*Supplied data*.

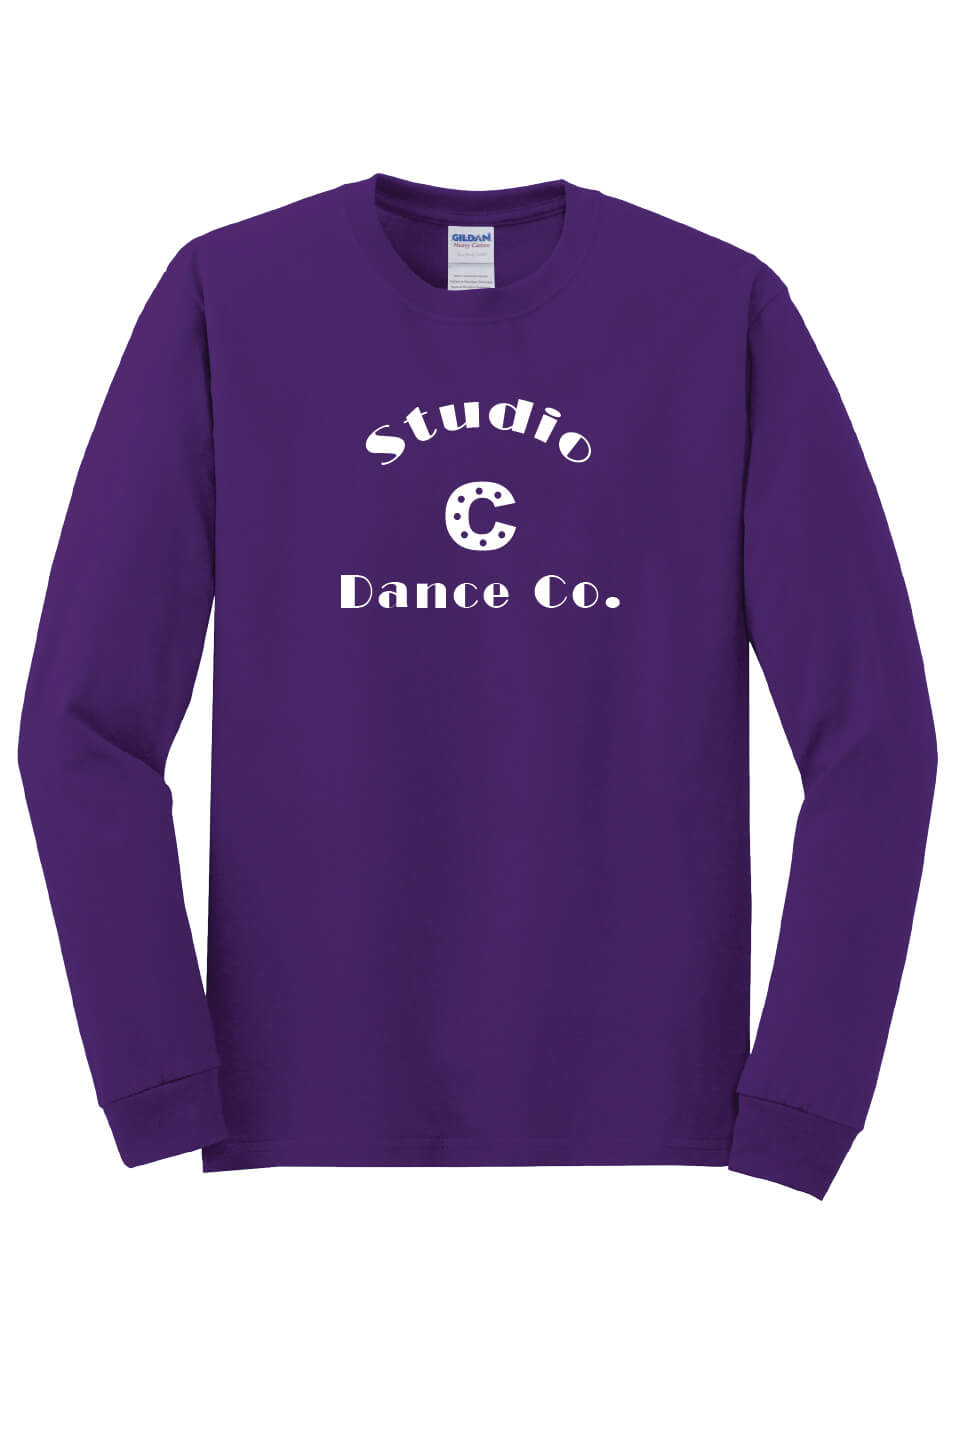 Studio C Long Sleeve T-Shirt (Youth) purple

---

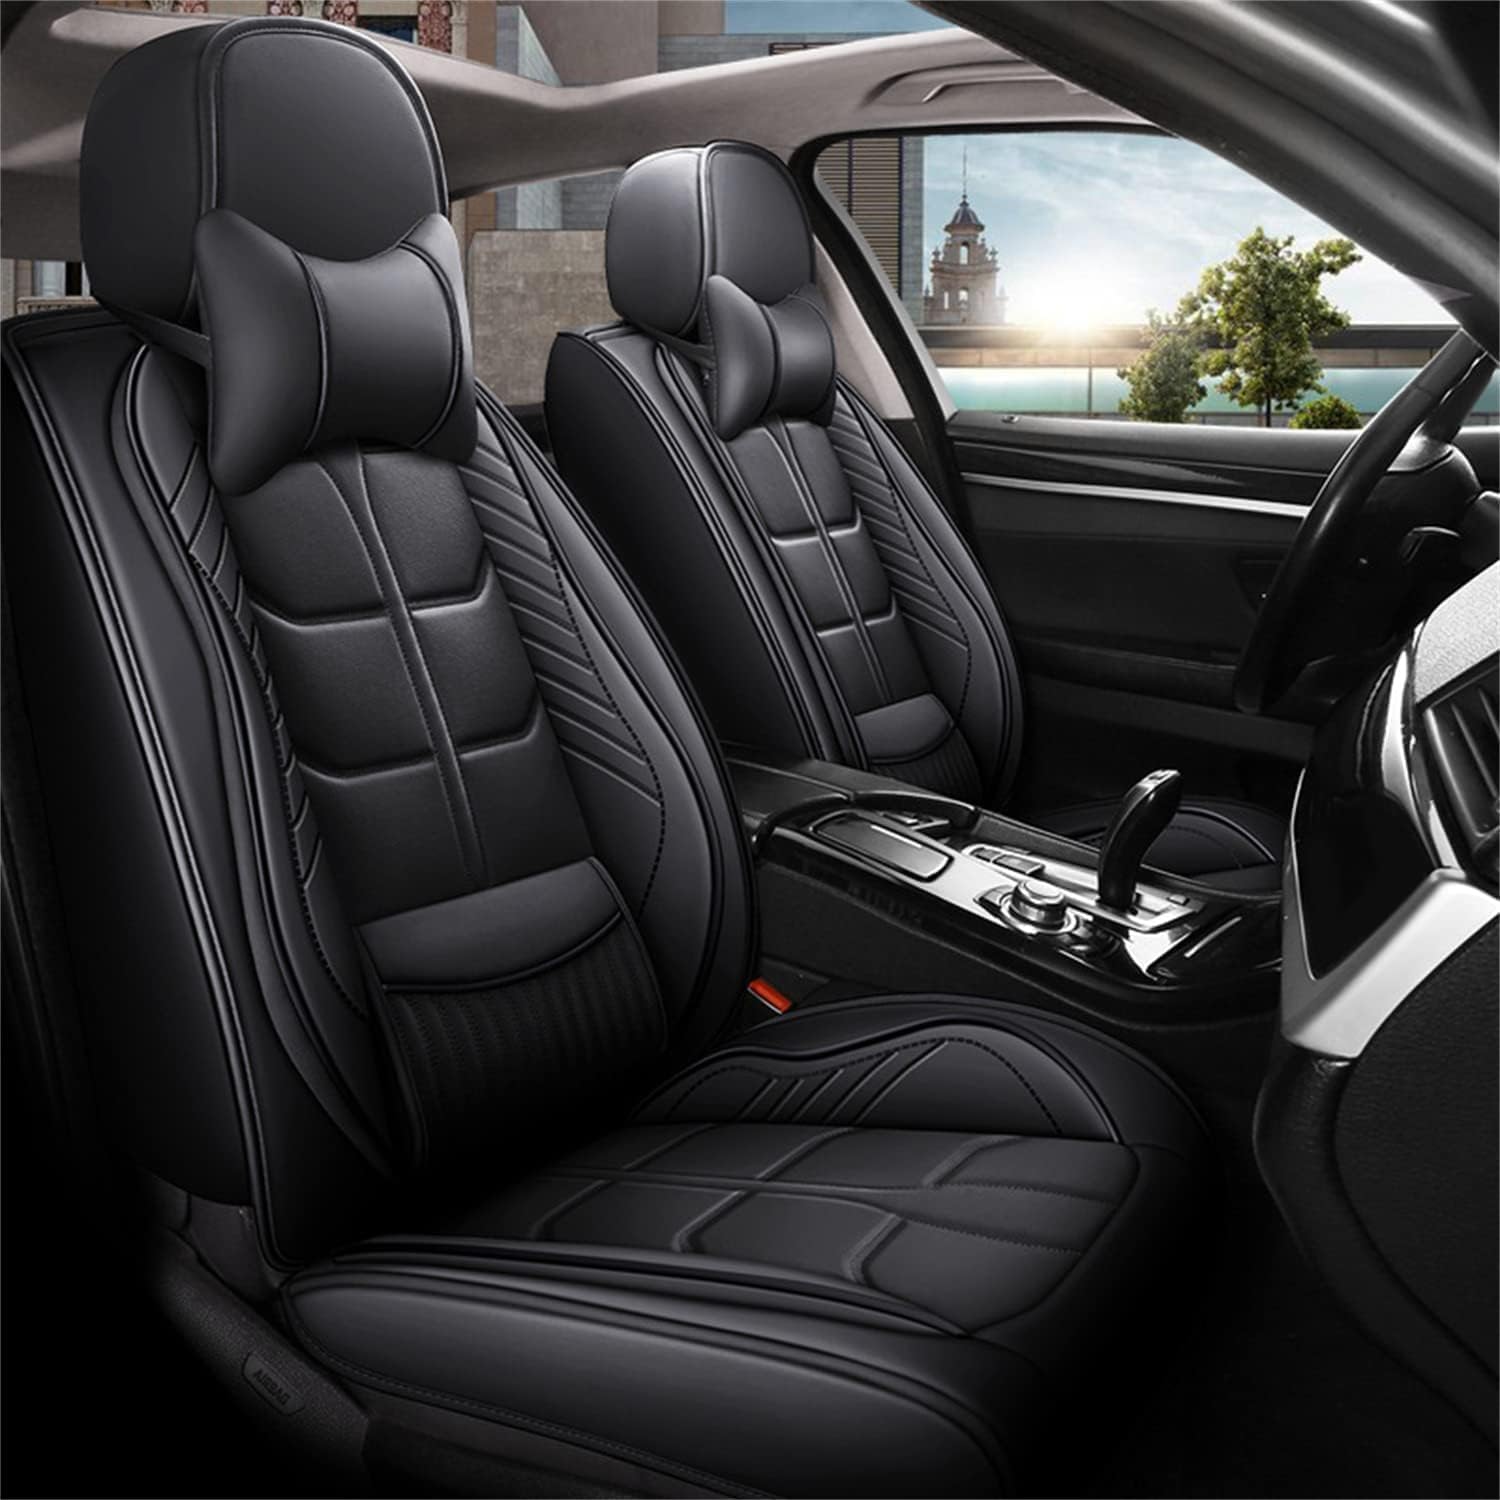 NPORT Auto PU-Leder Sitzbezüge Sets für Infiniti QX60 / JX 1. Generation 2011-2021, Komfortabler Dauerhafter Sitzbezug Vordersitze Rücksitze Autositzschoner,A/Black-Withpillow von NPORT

--

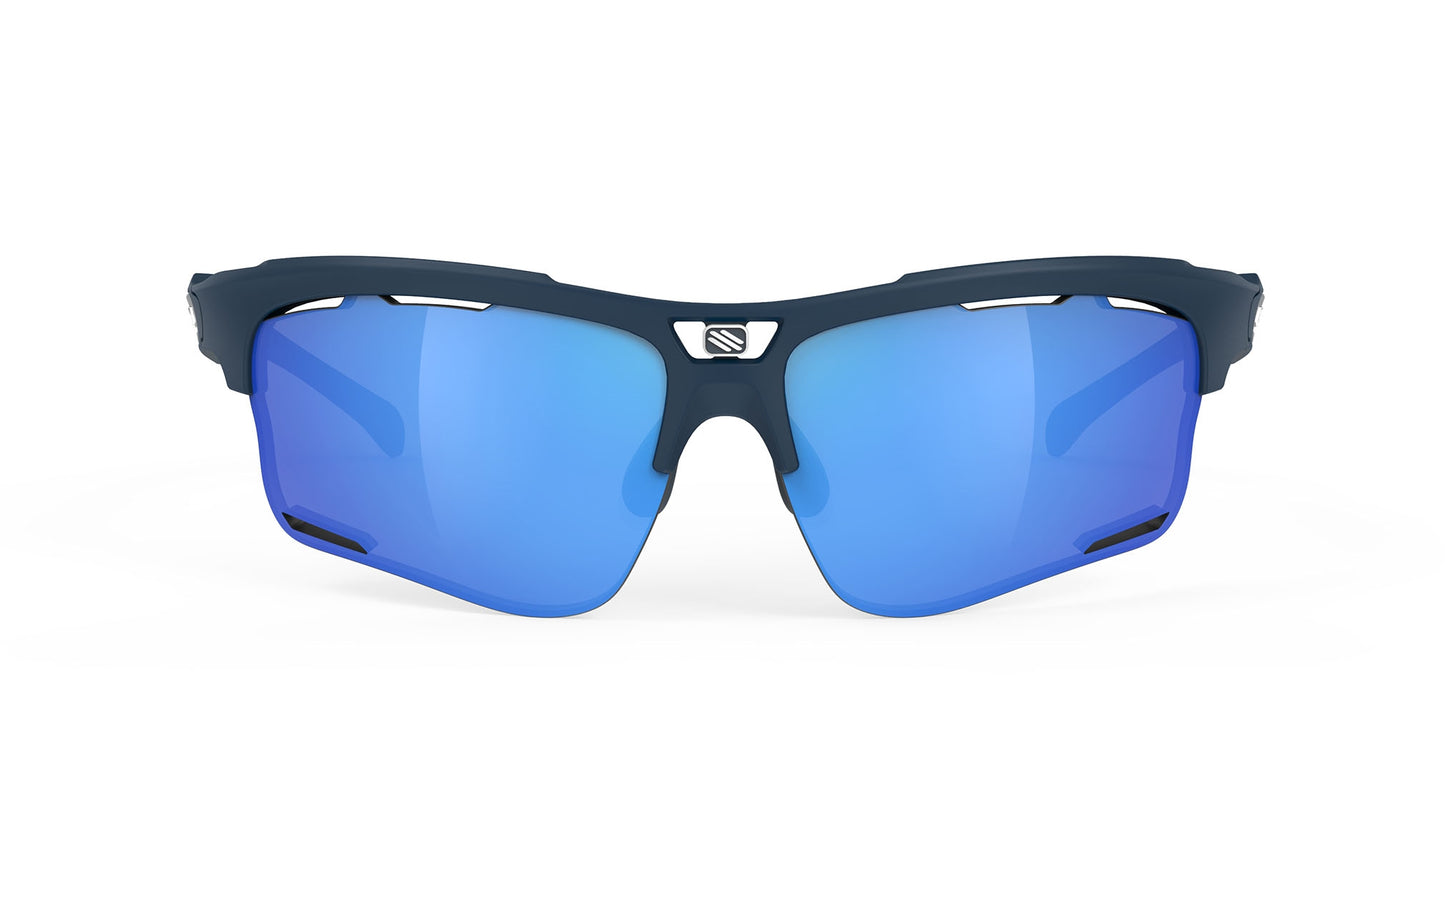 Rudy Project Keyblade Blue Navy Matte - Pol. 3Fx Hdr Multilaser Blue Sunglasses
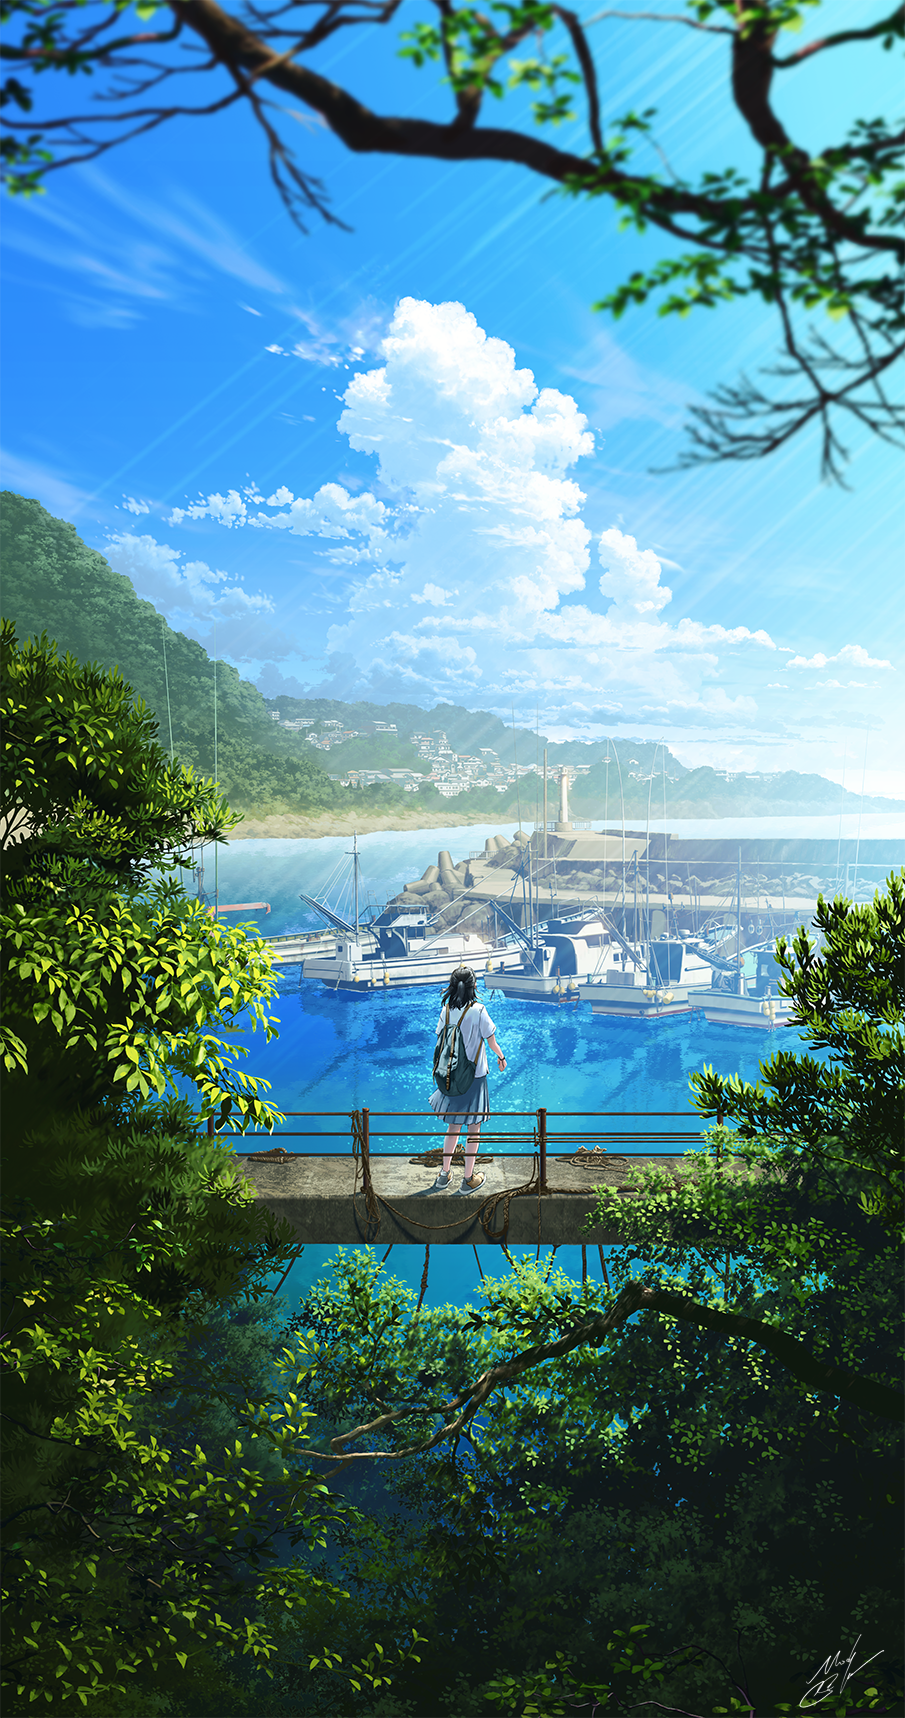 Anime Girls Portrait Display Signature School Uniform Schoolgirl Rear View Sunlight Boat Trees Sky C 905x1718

*What is required*. Look above for the line containing "Rudy Project Keyblade", then copy exactly from it through the line containing "Anime Girls Portrait", keeping both and leaving out pictures. Add nothing else.

*Answer to this task*.
 Rudy Project Keyblade Blue Navy Matte - Pol. 3Fx Hdr Multilaser Blue Sunglasses
 Anime Girls Portrait Display Signature School Uniform Schoolgirl Rear View Sunlight Boat Trees Sky C 905x1718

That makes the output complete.